• TASK PROMPT
Give back exactly the lines of the data below, starting with the line that has "Doucal's leather oxford" and going on through the line that has "Jones Automotive Lighting".

• DATASET EXTRACT
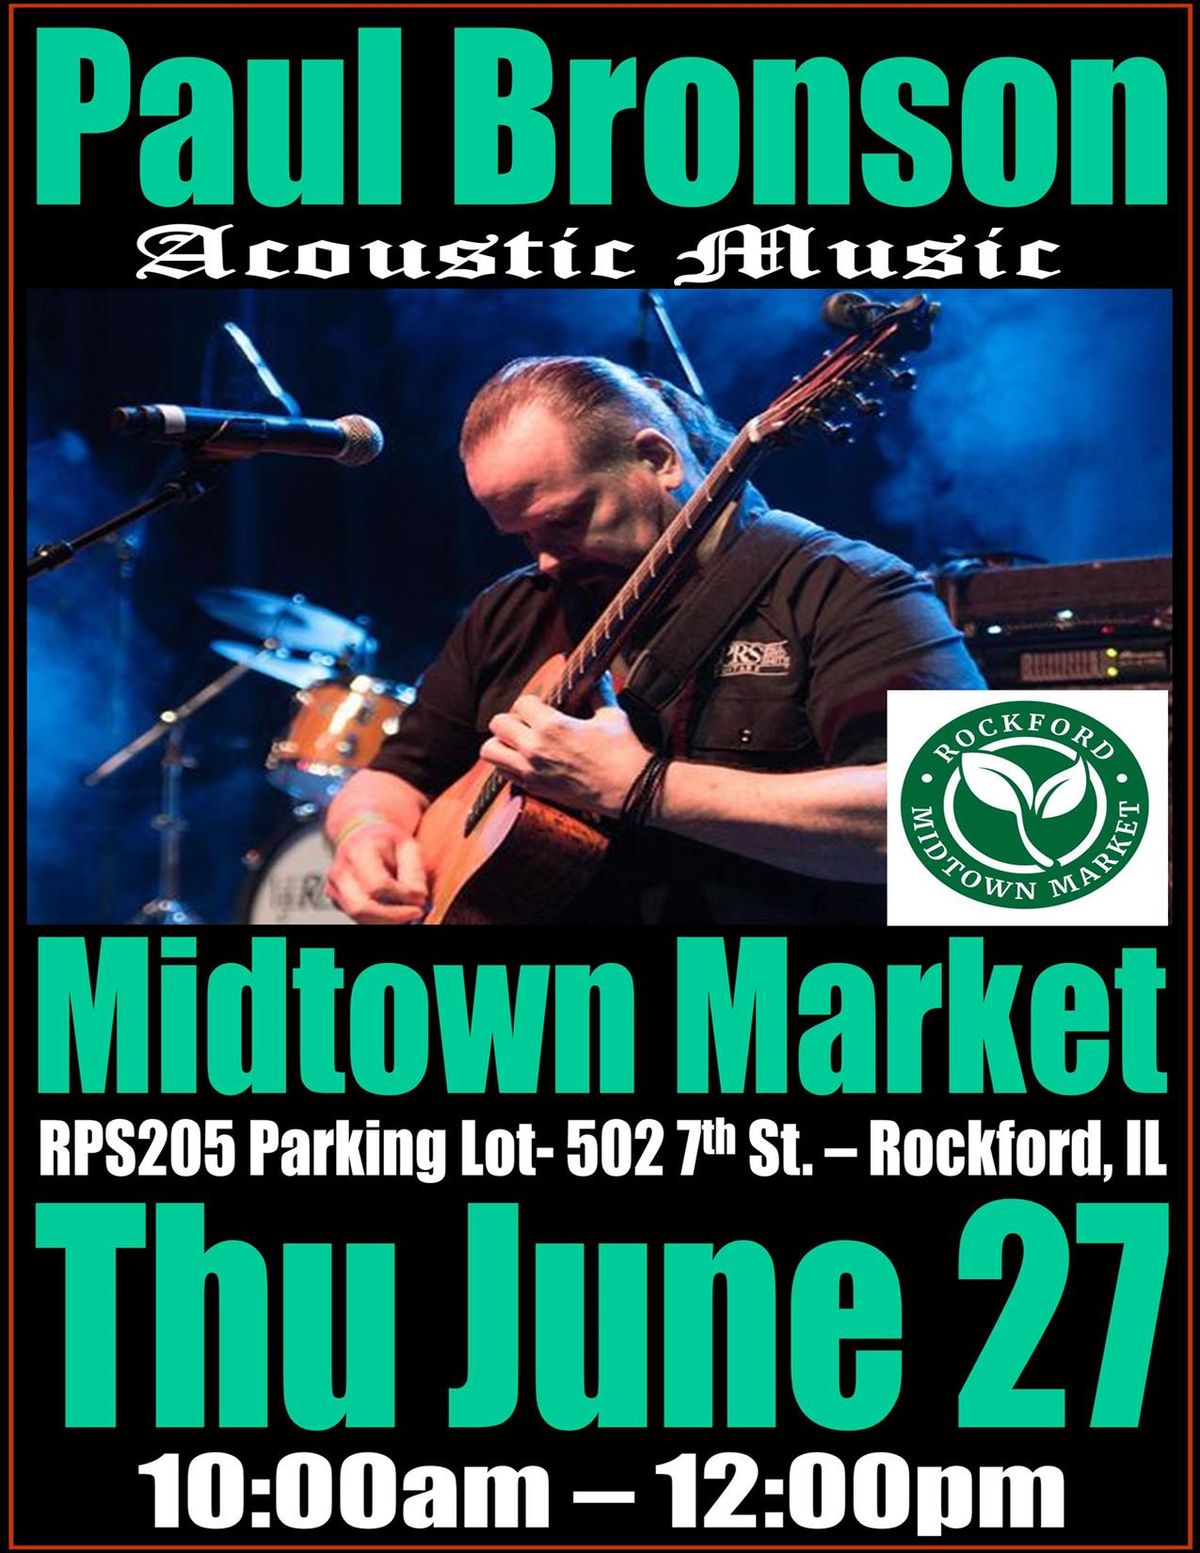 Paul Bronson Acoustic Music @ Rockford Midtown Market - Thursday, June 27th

...

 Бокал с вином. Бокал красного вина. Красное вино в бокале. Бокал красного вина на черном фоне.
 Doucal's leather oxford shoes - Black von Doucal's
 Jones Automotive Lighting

• EXERCISE RESULT
 Doucal's leather oxford shoes - Black von Doucal's
 Jones Automotive Lighting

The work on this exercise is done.